Your task:
Copy the listing below exactly, but skip the pictures.

Material provided:

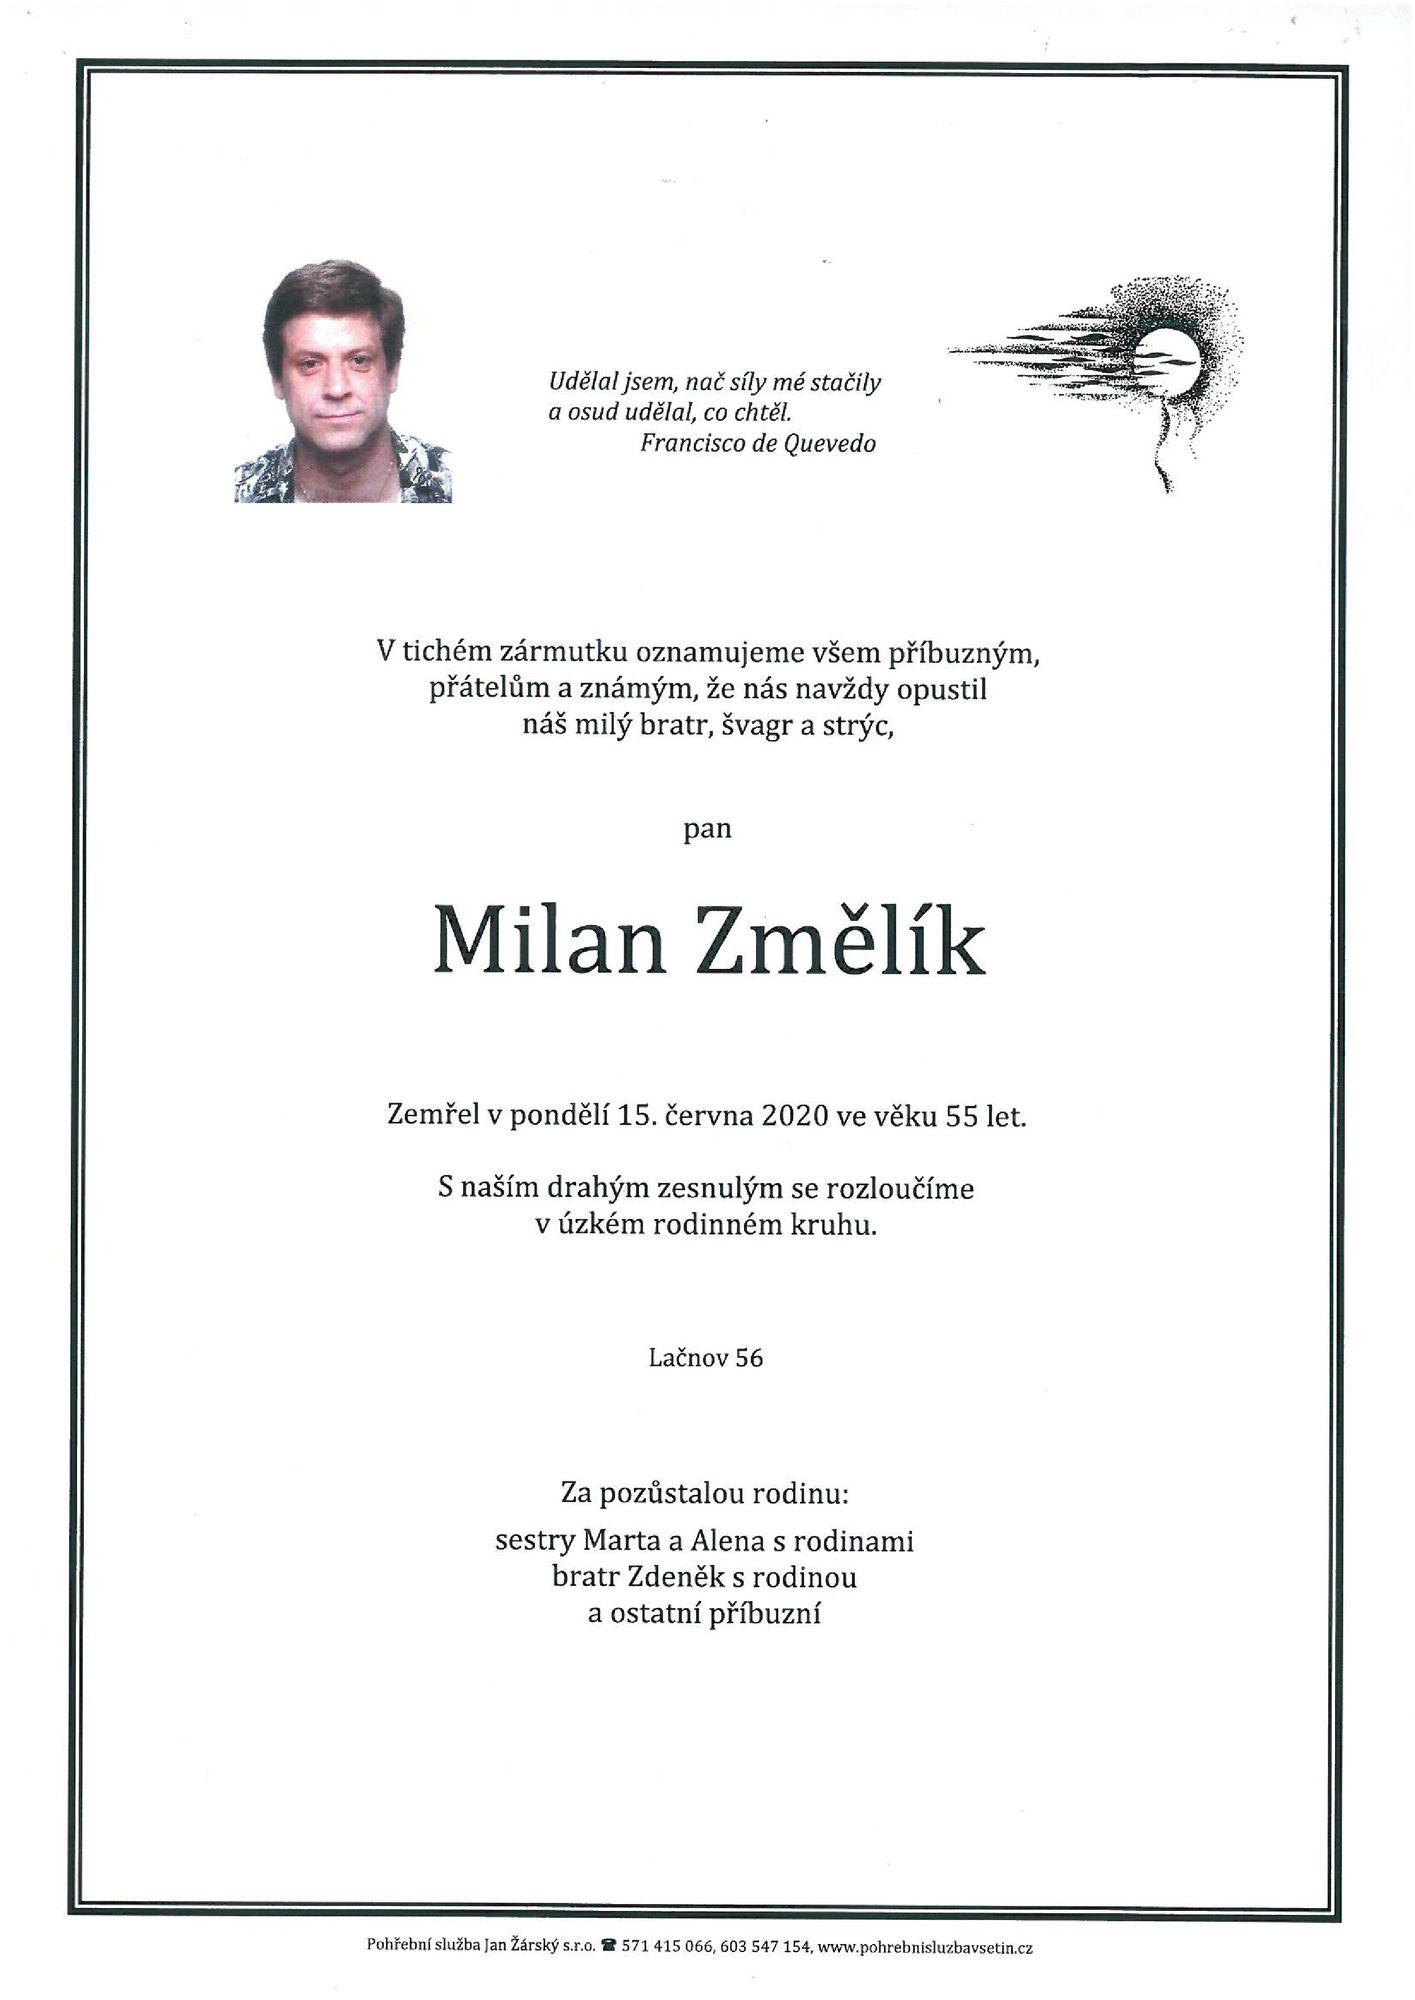 Milan Změlík
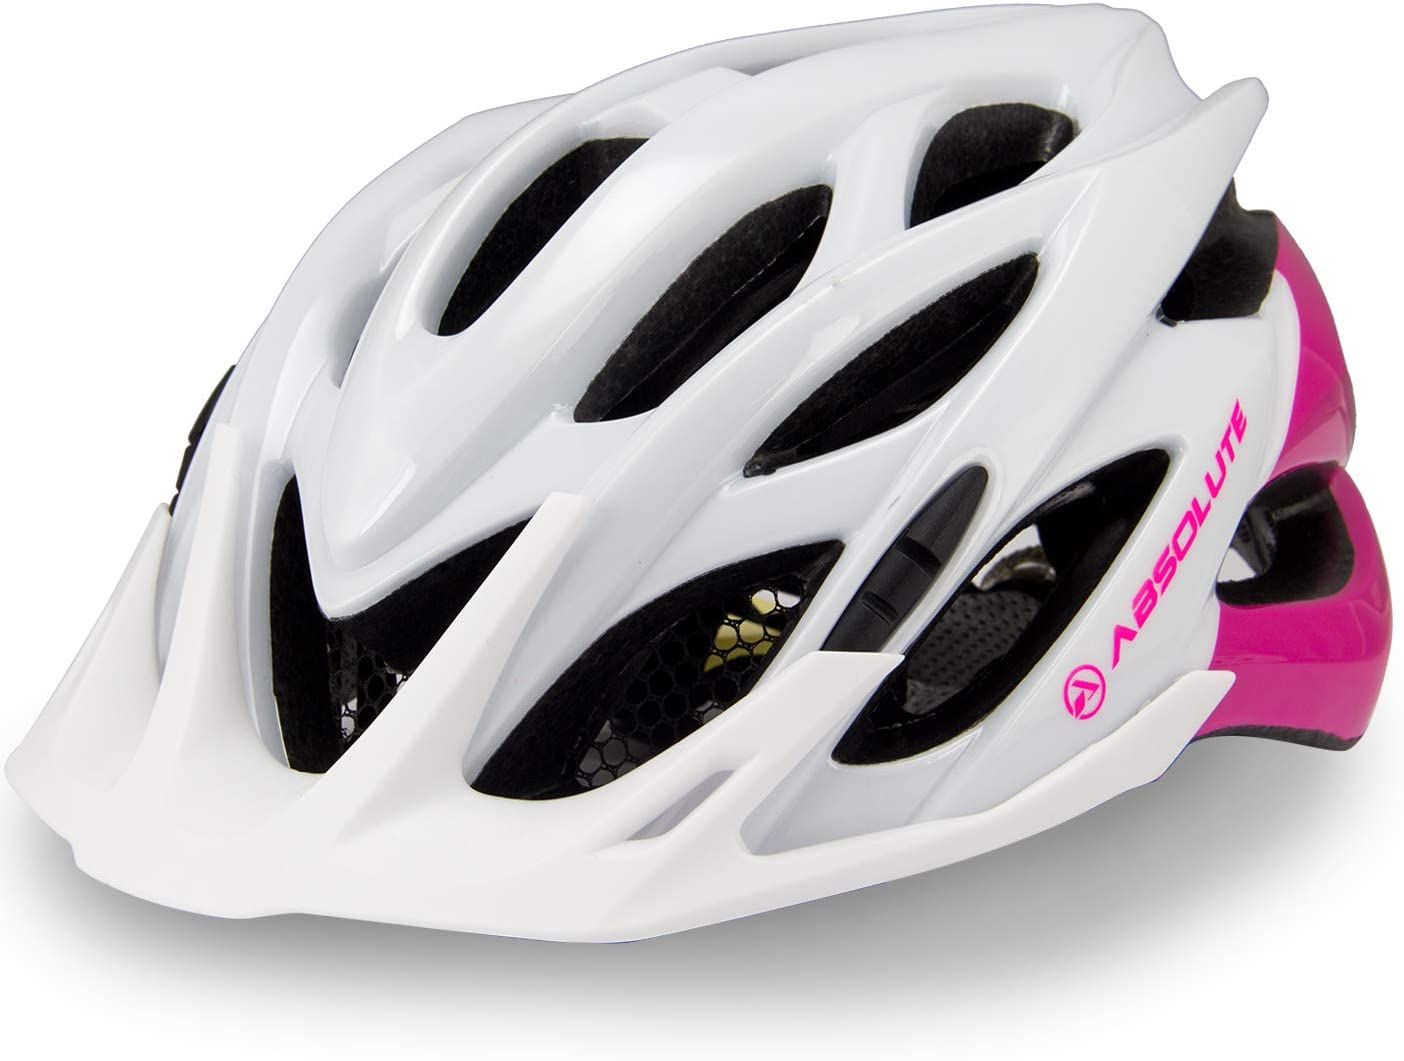 Capacete Ciclismo Bike Feminino Absolute Wild Mia Led Pisca
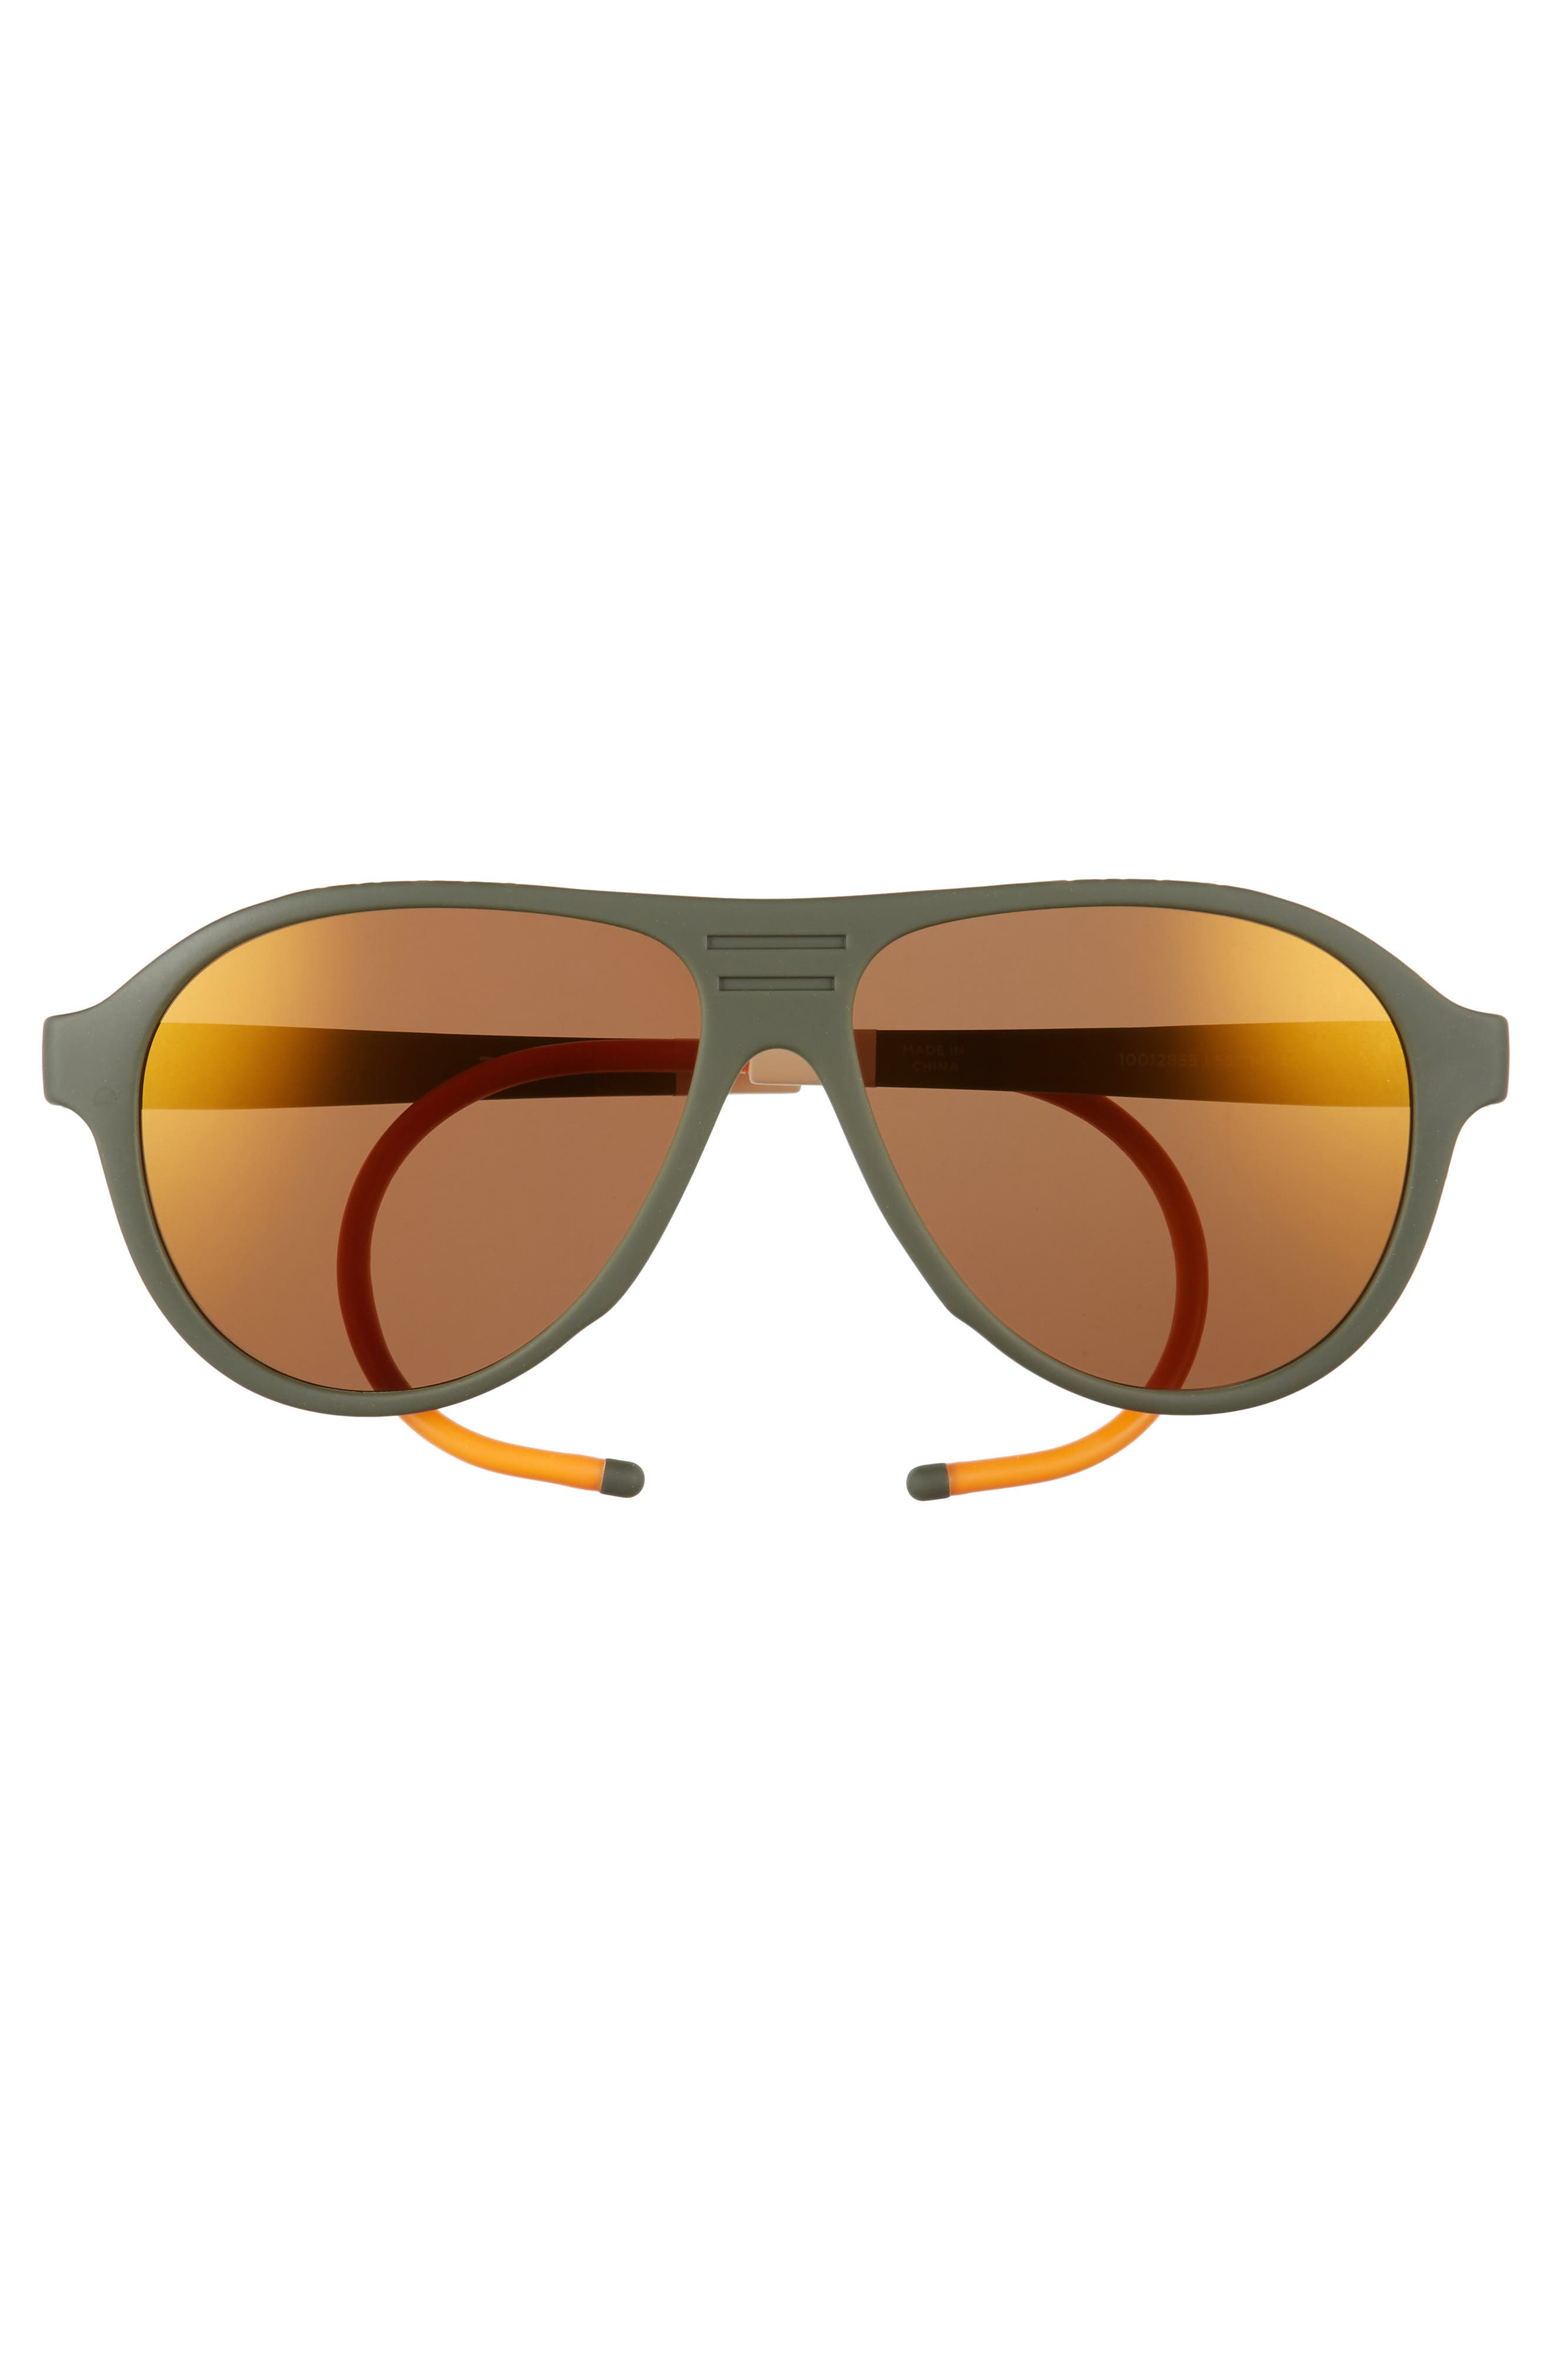 Traveler Zion 57mm Aviator Sunglasses,                             Alternate thumbnail 2, color,                             Matte Rifle Green/ Gold Mirror
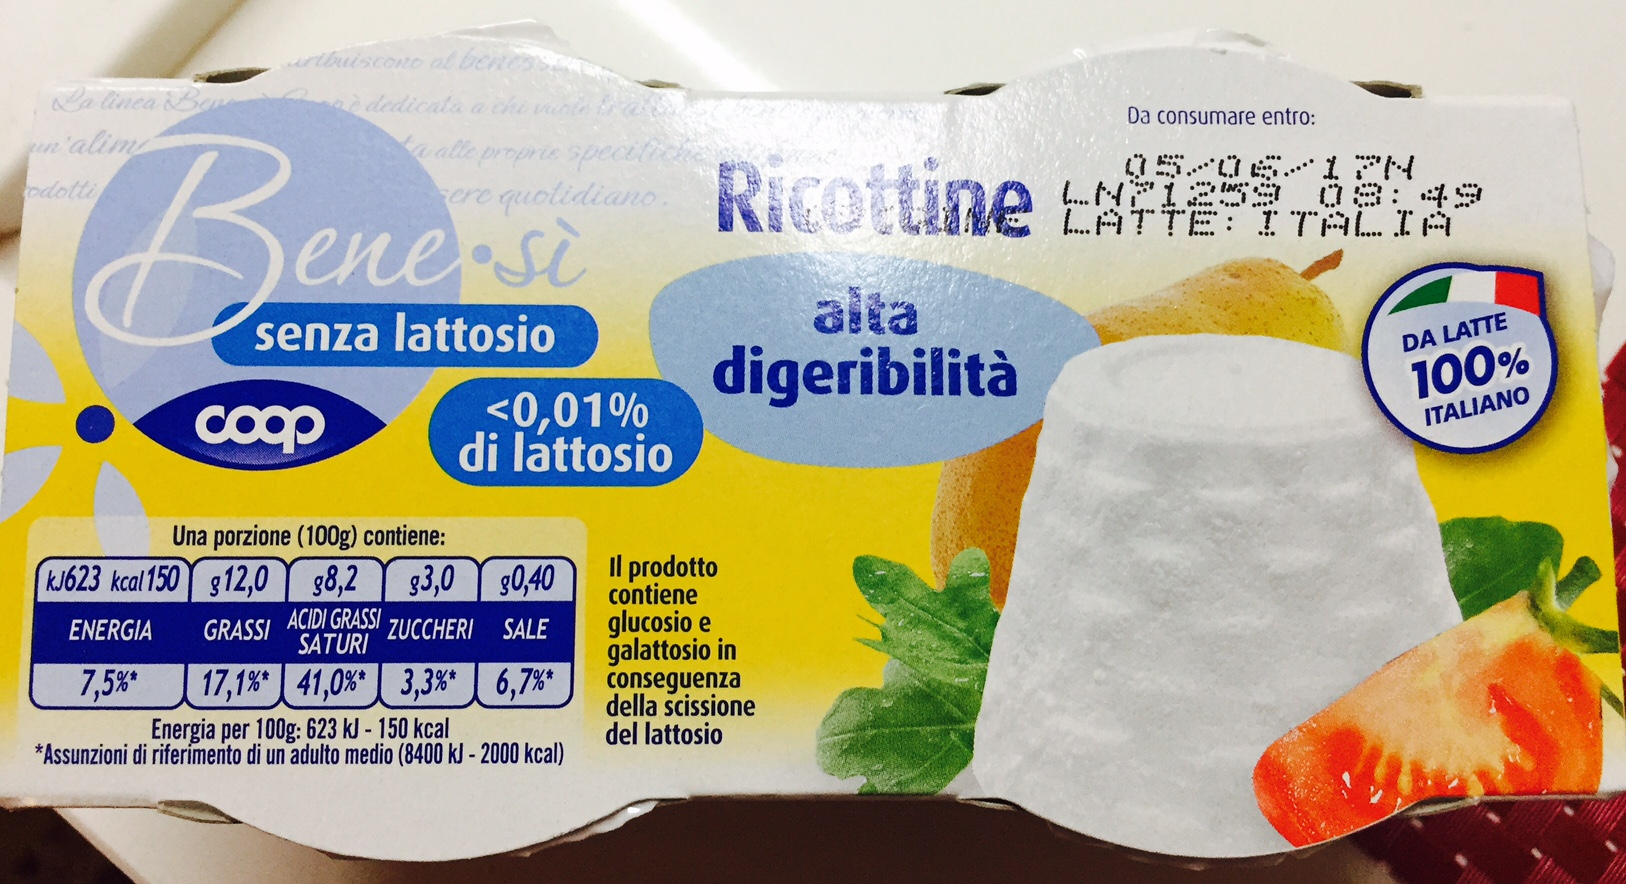 Ricottine Benesì Coop - lattosio <0,01 Image

Output for this exercise:
 Milan Změlík
 Capacete Ciclismo Bike Feminino Absolute Wild Mia Led Pisca
 Traveler Zion 57mm Aviator Sunglasses,                             Alternate thumbnail 2, color,                             Matte Rifle Green/ Gold Mirror
 Ricottine Benesì Coop - lattosio <0,01 Image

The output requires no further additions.